By Jim Isleib, Michigan State University Extension
In the spring of 2011, Michigan State University wheat breeder Janet Lewis received a call from Minnesota. Yue Jin, a research plant pathologist at the USDA Agricultural Research Service Cereal Disease Laboratory on the University of Minnesota campus, was looking for a Michigan location to include in his winter wheat stem rust screening program. The location needed to be distant from the main wheat growing areas of Michigan and also receive consistent, heavy, annual snow cover. The snow cover was desirable to give winter protection to less cold-hardy wheat varieties that may be included from southern states in the screening program.
Jin's main wheat stem rust screening work takes place near his lab in St. Paul, Minn. The establishment of additional sites provides field screening options in case a large number of breeding lines from breeding programs across the United States need to be screened. The Michigan site will determine if a suitable remote site in Michigan can accommodate many different types of wheat varieties – southern wheat varieties in particular – and whether the location is suitable for stem rust development. Having the capacity in place to screen U.S. wheat lines from breeding programs across the United States is a valuable asset for the wheat breeding community.
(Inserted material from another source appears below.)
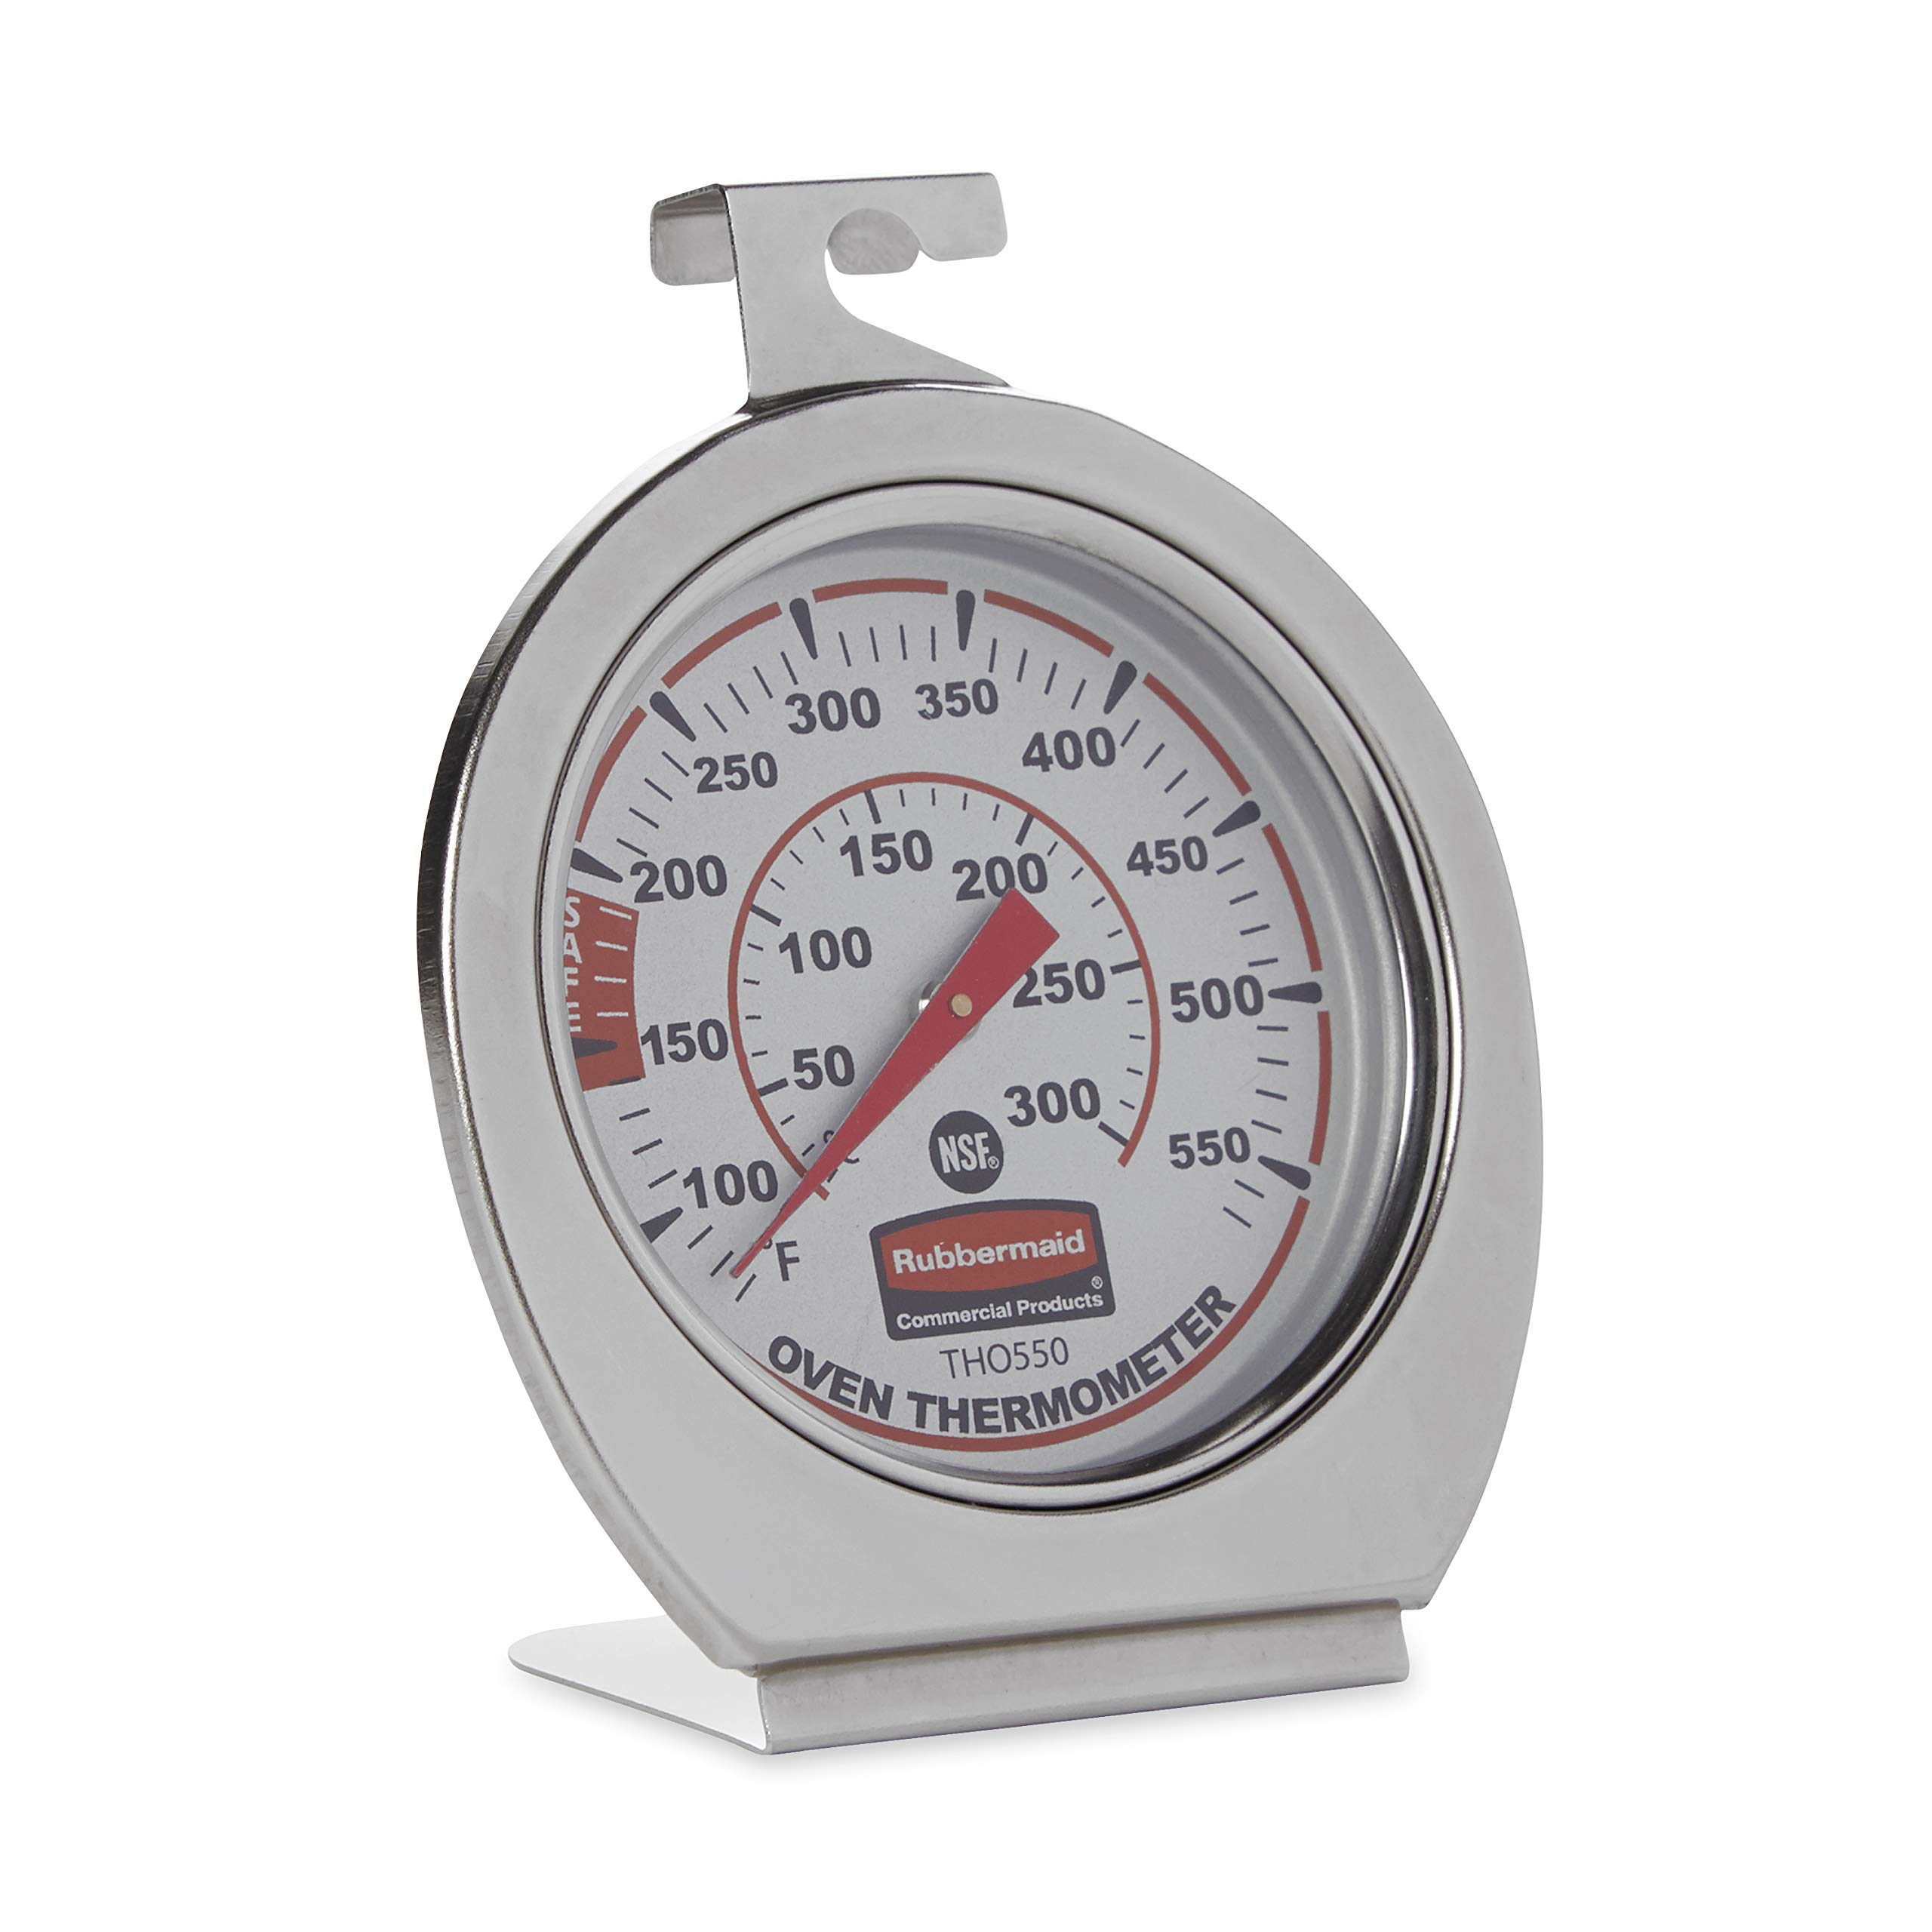 Rubbermaid Stainless Steel Oven Thermometer

The Michigan State University Extension Upper Peninsula Research and Extension Center in Chatham was chosen as a trial site for winter wheat stem rust screening in 2011. The site was established in a beef pasture area cleared of trees, but had never been plowed since the establishment of the Upper Peninsula Research and Extension Center in 1899, and almost certainly not prior to that time.
The location was selected to minimize stem rust contamination potential of winter wheat grown by MSU on the facility. The ground was cultivated, stones were picked and fencing was installed to keep grazing cattle out.